Exercise instructions: Word for word, copy out the data below, omitting pictures.

Given material:
┌──

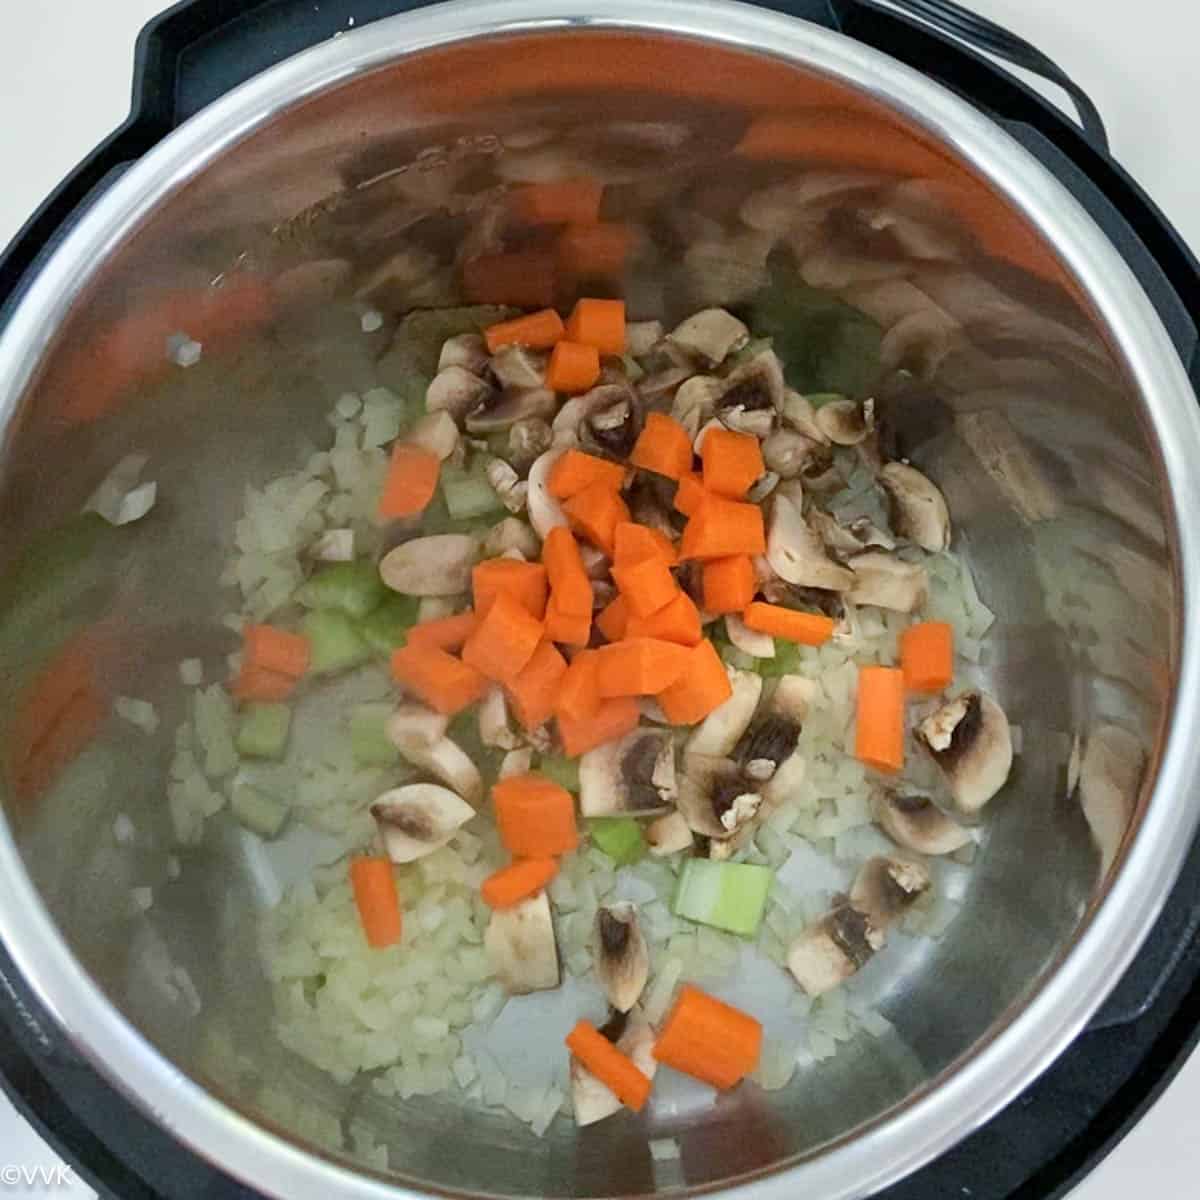 adding the vegetables
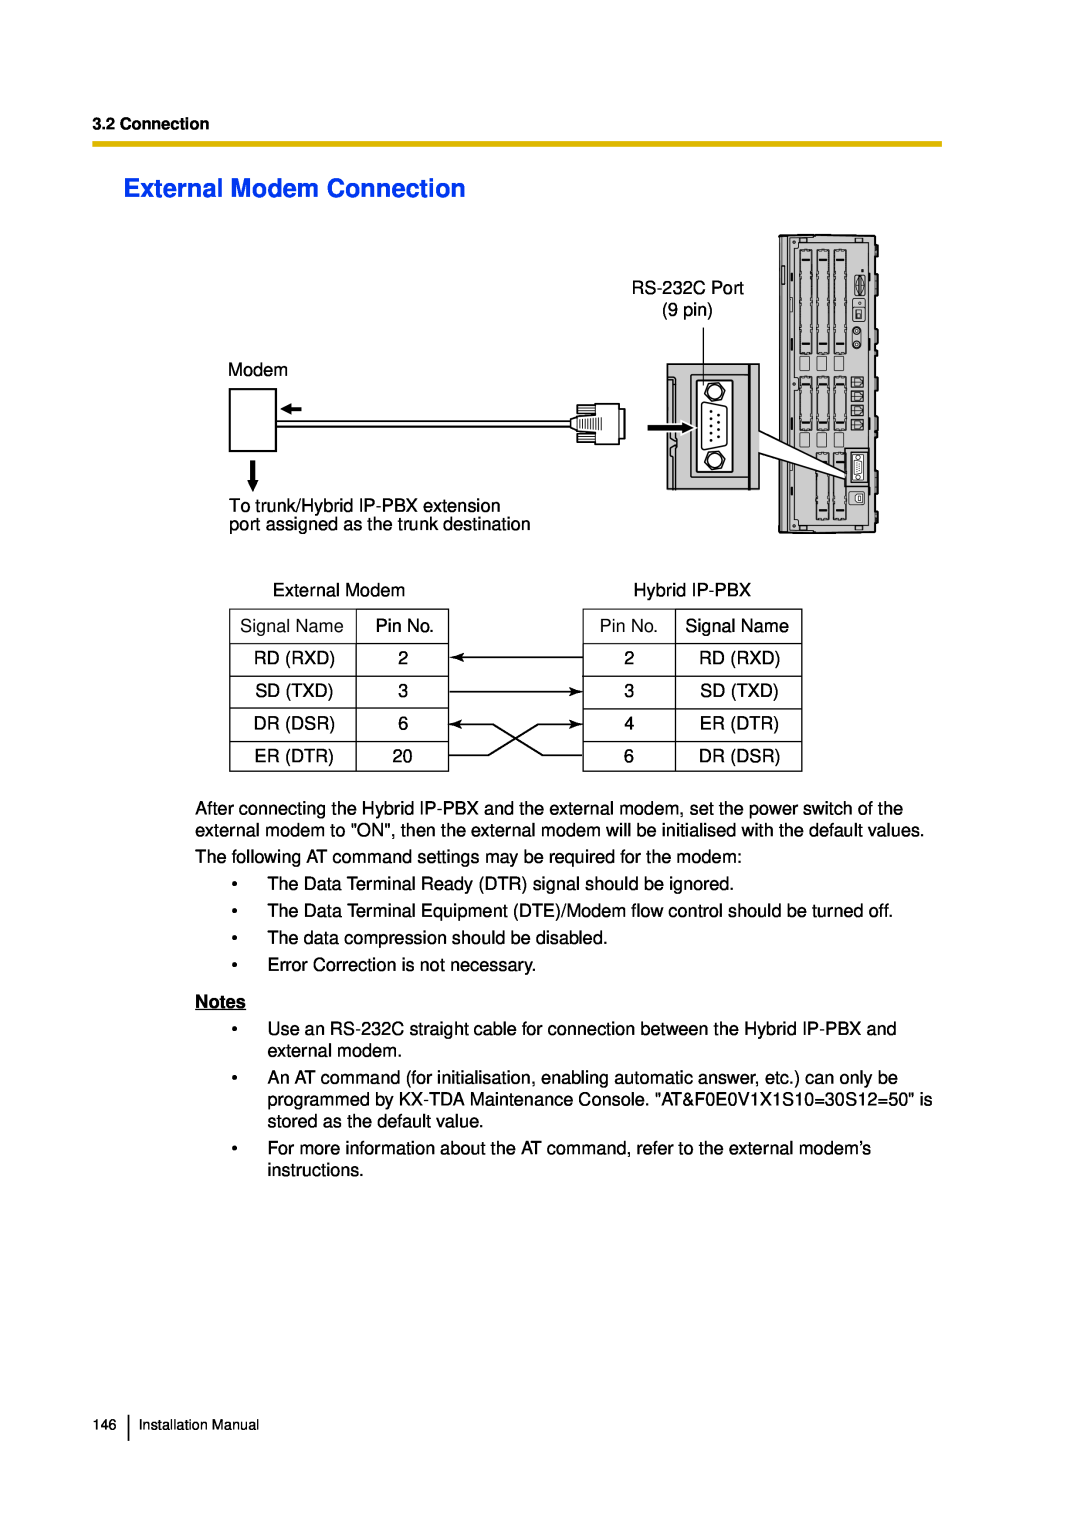 Panasonic KX-TDA30 installation manual External Modem Connection, Notes 
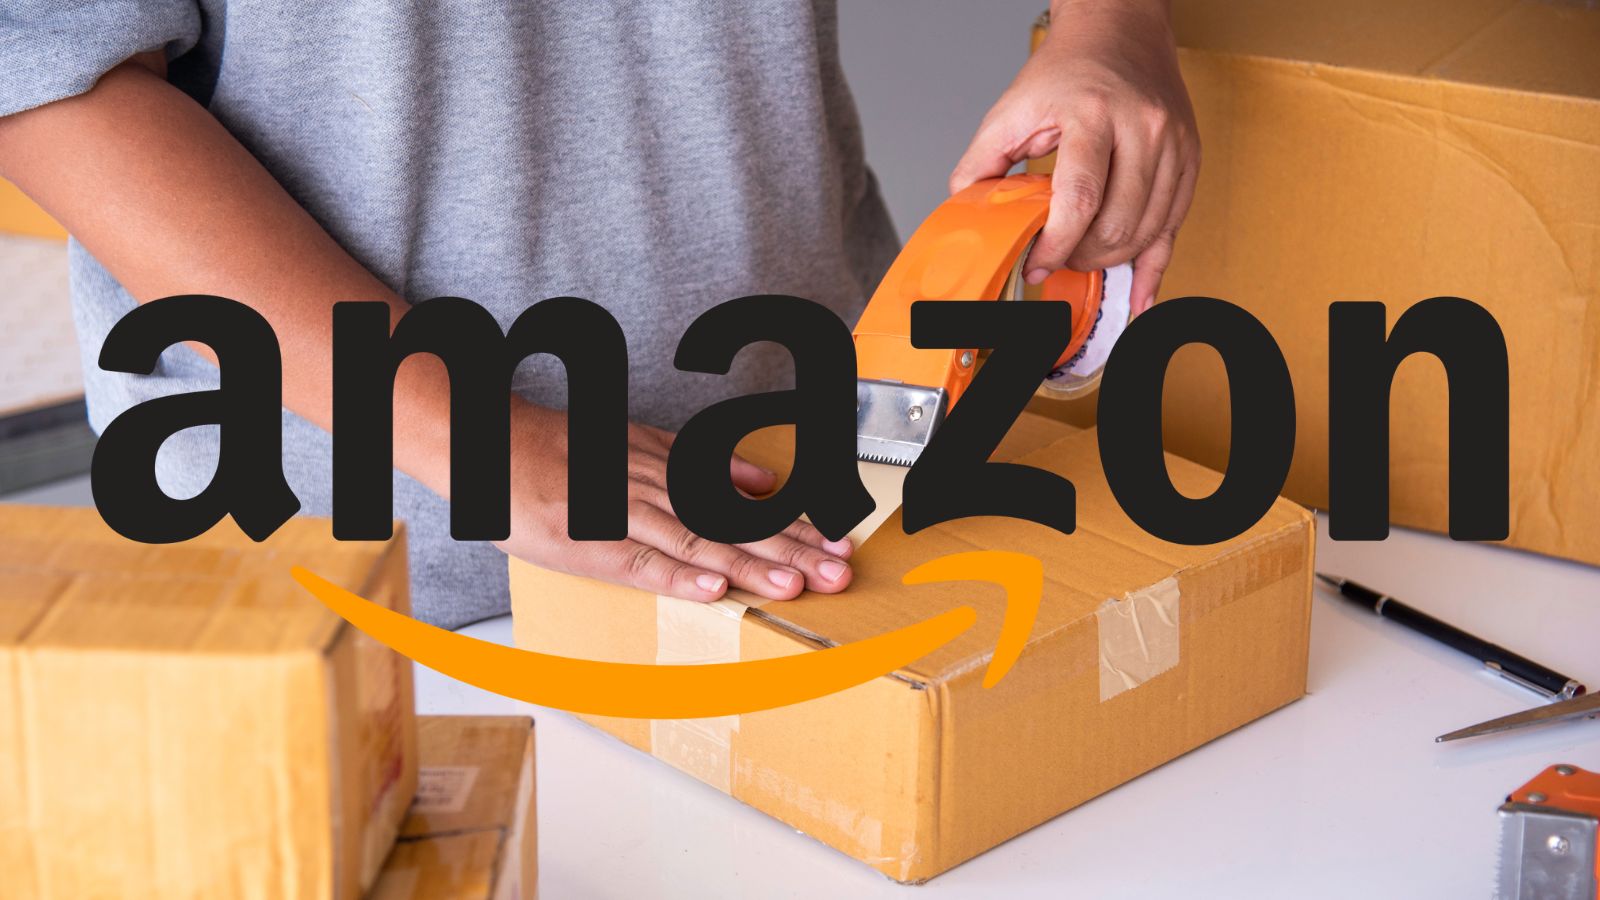 Amazon, FOLLIA di Natale: tecnologia GRATIS oggi
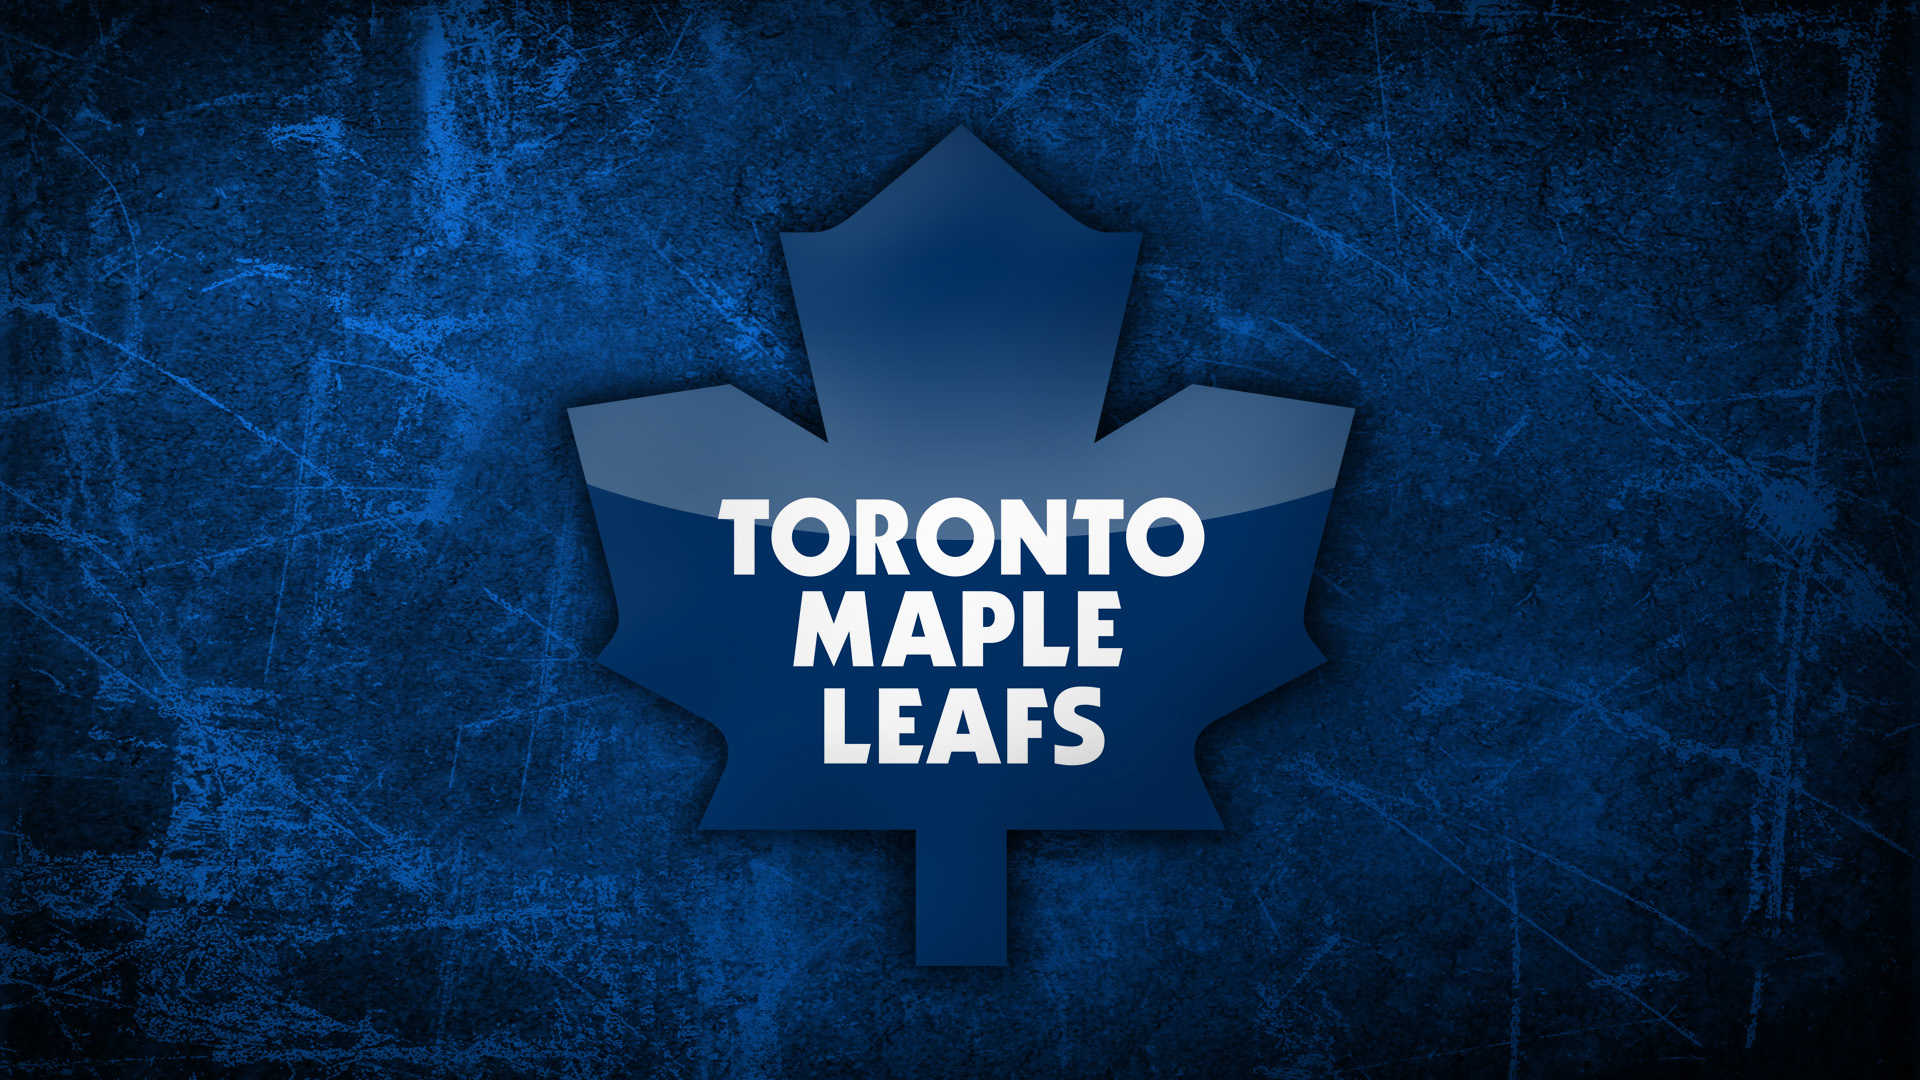 Wallpaper Of Nhl Toronto (торонто) Maple Leafs Background - Cool Toronto Maple Leafs - HD Wallpaper

└──

Response box:
 adding the vegetables
 Panasonic KX-TDA30 installation manual External Modem Connection, Notes 
 Amazon, FOLLIA di Natale: tecnologia GRATIS oggi
 Wallpaper Of Nhl Toronto (торонто) Maple Leafs Background - Cool Toronto Maple Leafs - HD Wallpaper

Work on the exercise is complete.